**Problem to work on**
Below are records with pictures. Transcribe exactly, and only, the lines from the line with "Big Sky Skiing T-shirt Montana Ski Tee" to the line with "The Intelligent Lifestyle", both ends included, but not the pictures.

**Records shown**

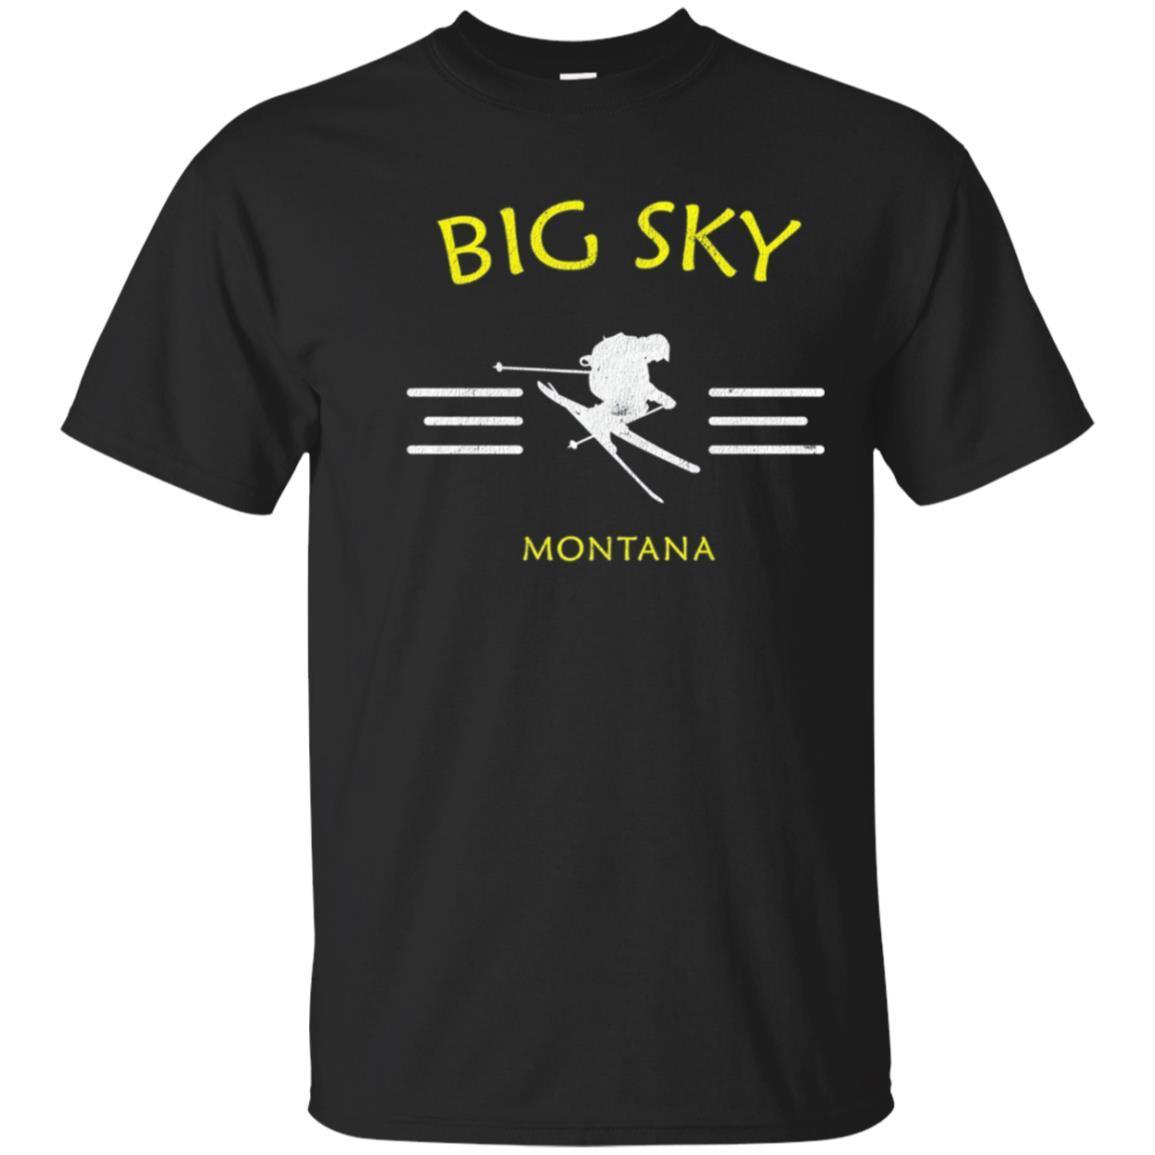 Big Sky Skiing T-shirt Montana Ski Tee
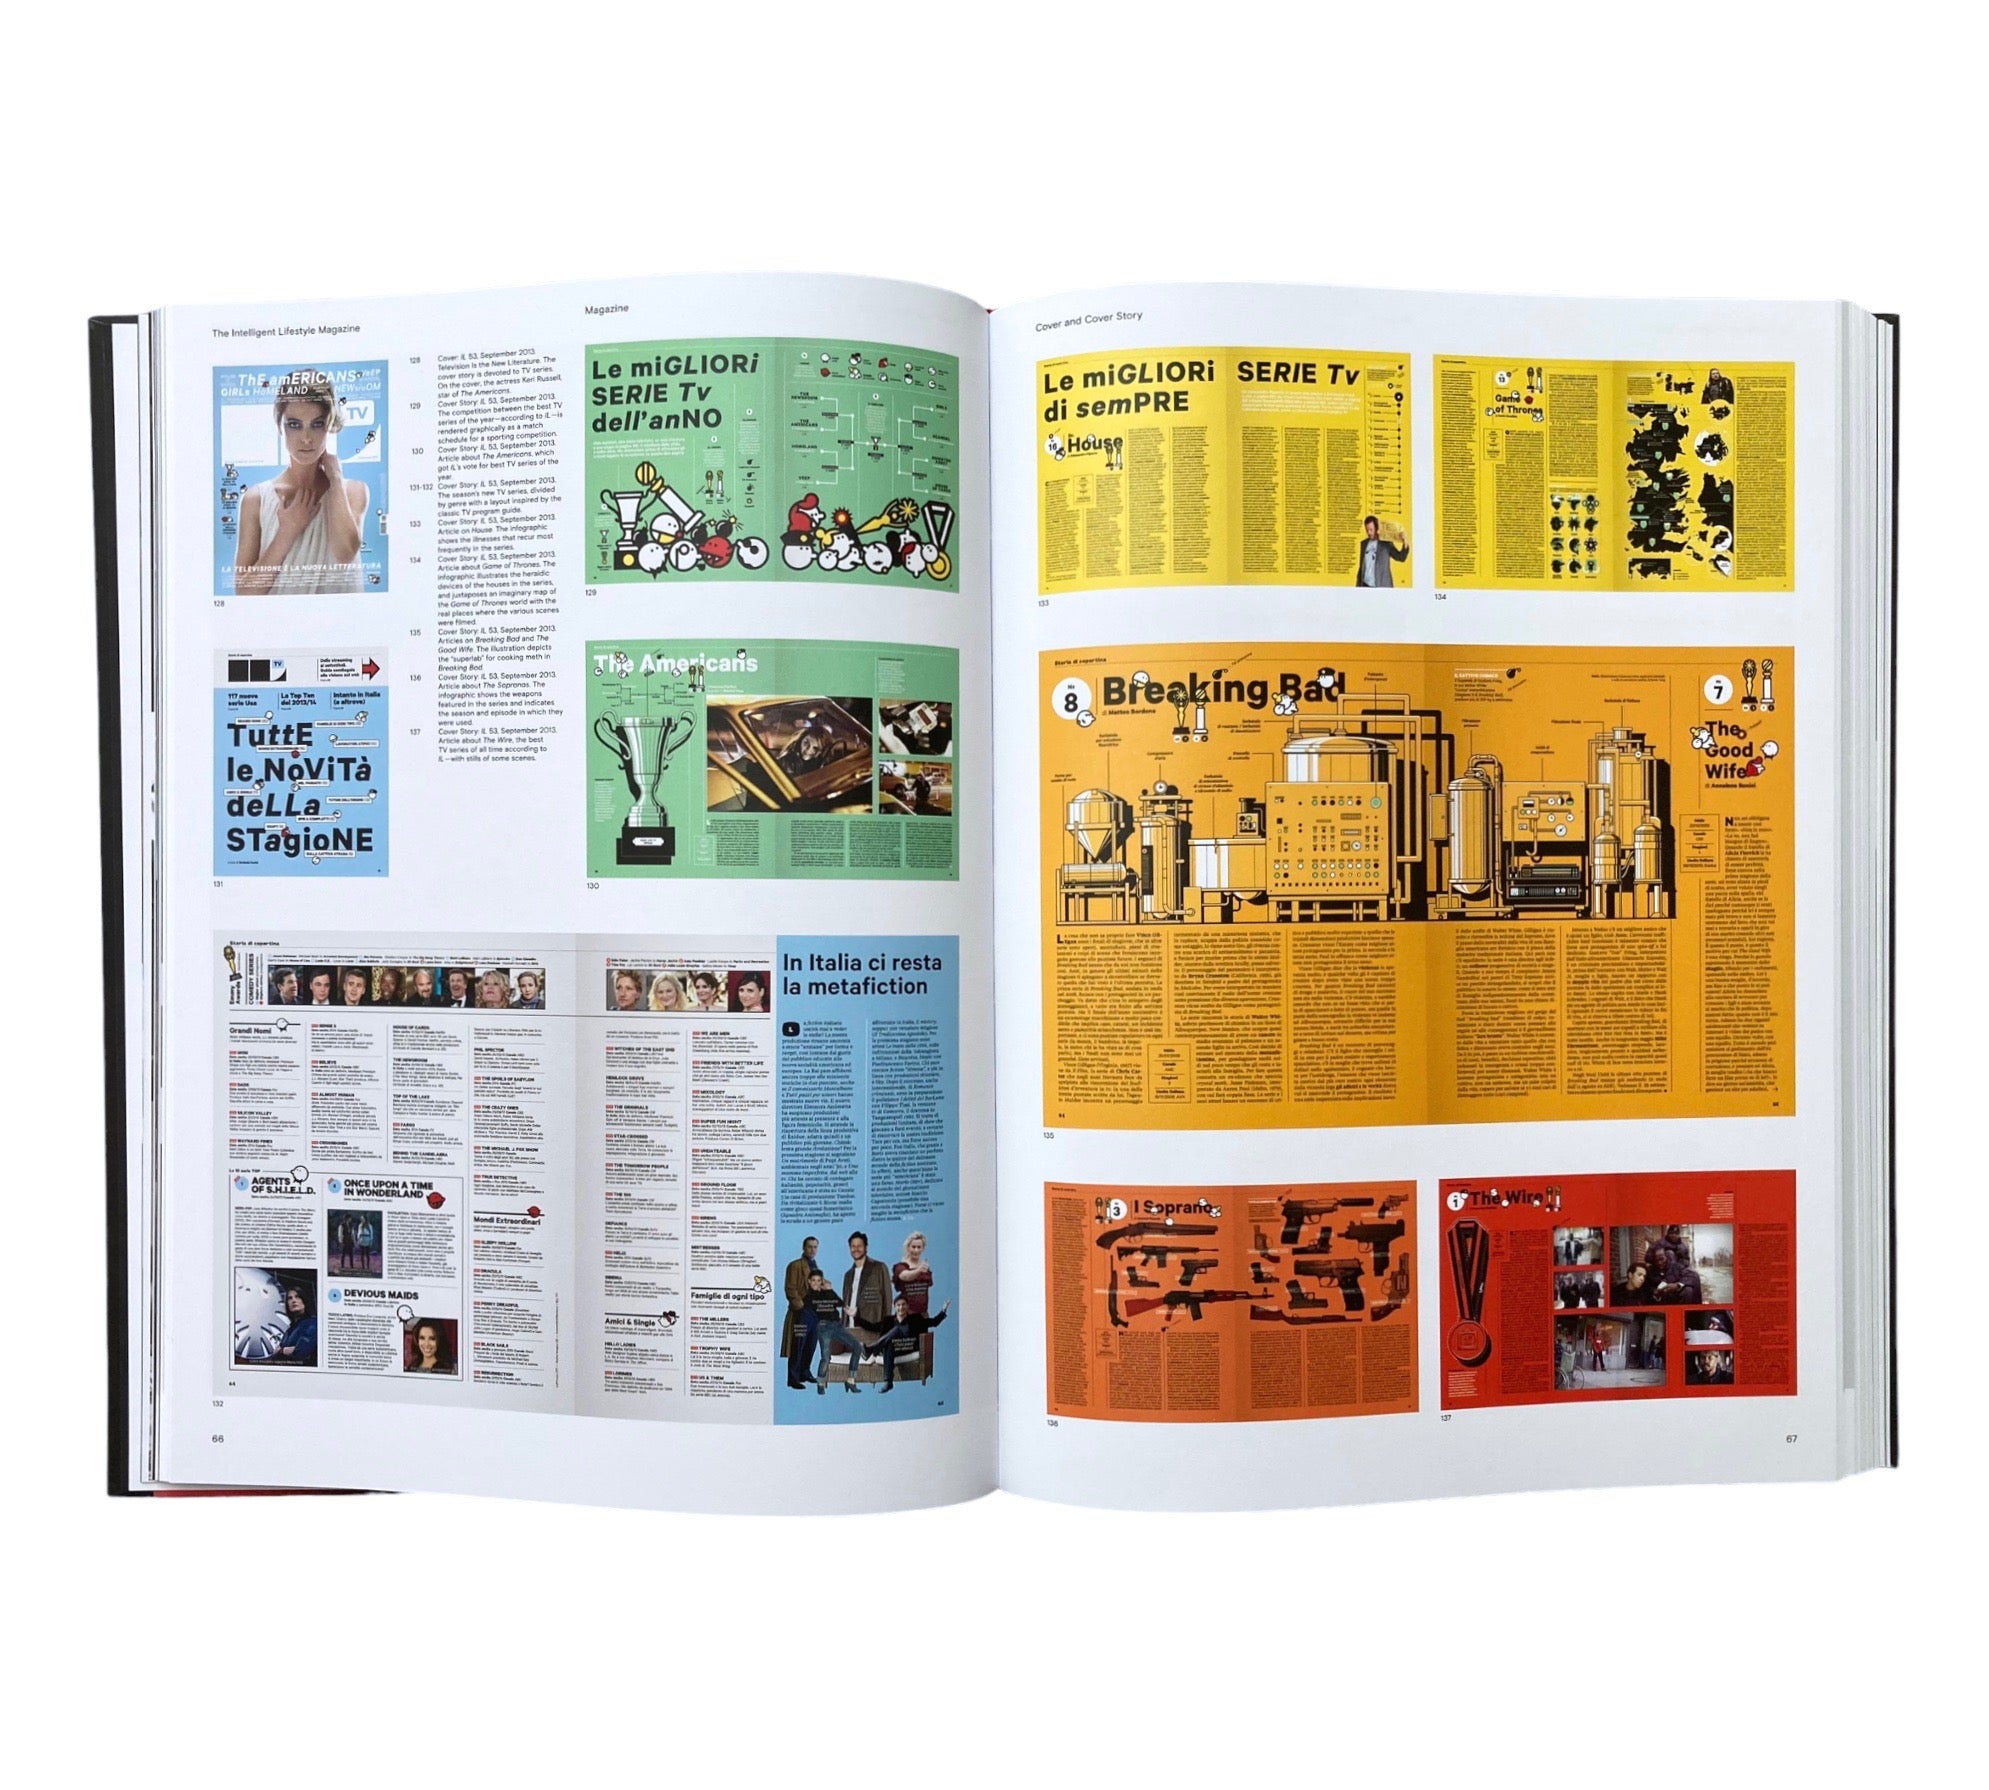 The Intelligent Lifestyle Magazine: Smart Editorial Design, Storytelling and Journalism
--
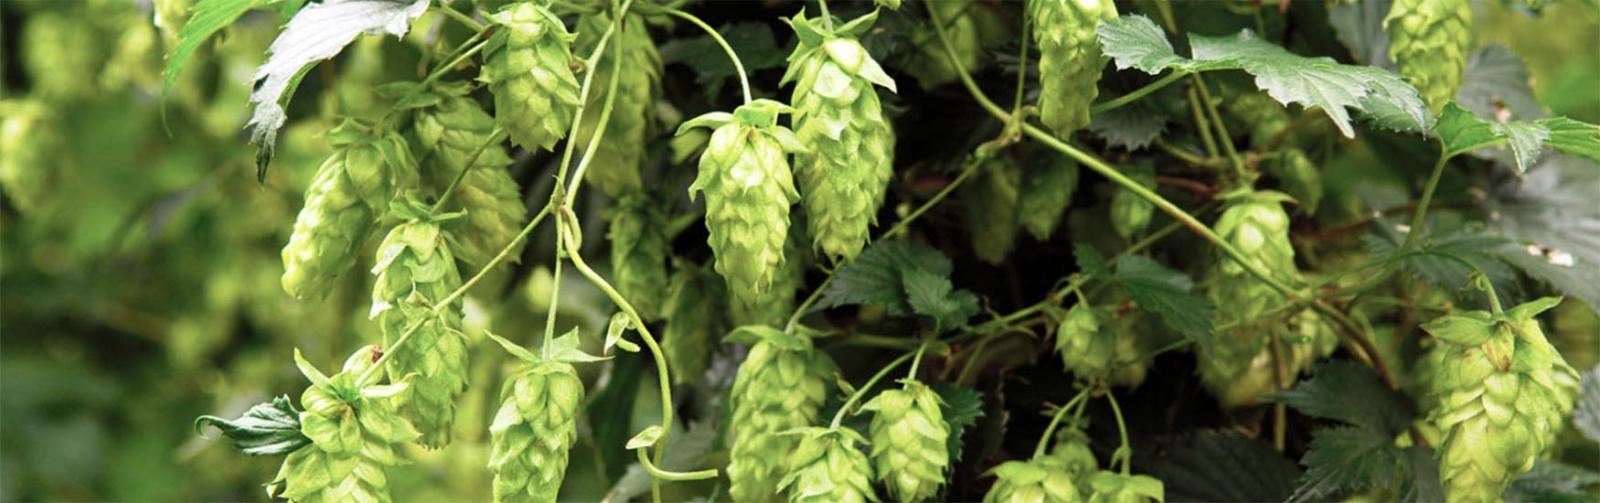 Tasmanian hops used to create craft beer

**Task result**
 Big Sky Skiing T-shirt Montana Ski Tee
 The Intelligent Lifestyle Magazine: Smart Editorial Design, Storytelling and Journalism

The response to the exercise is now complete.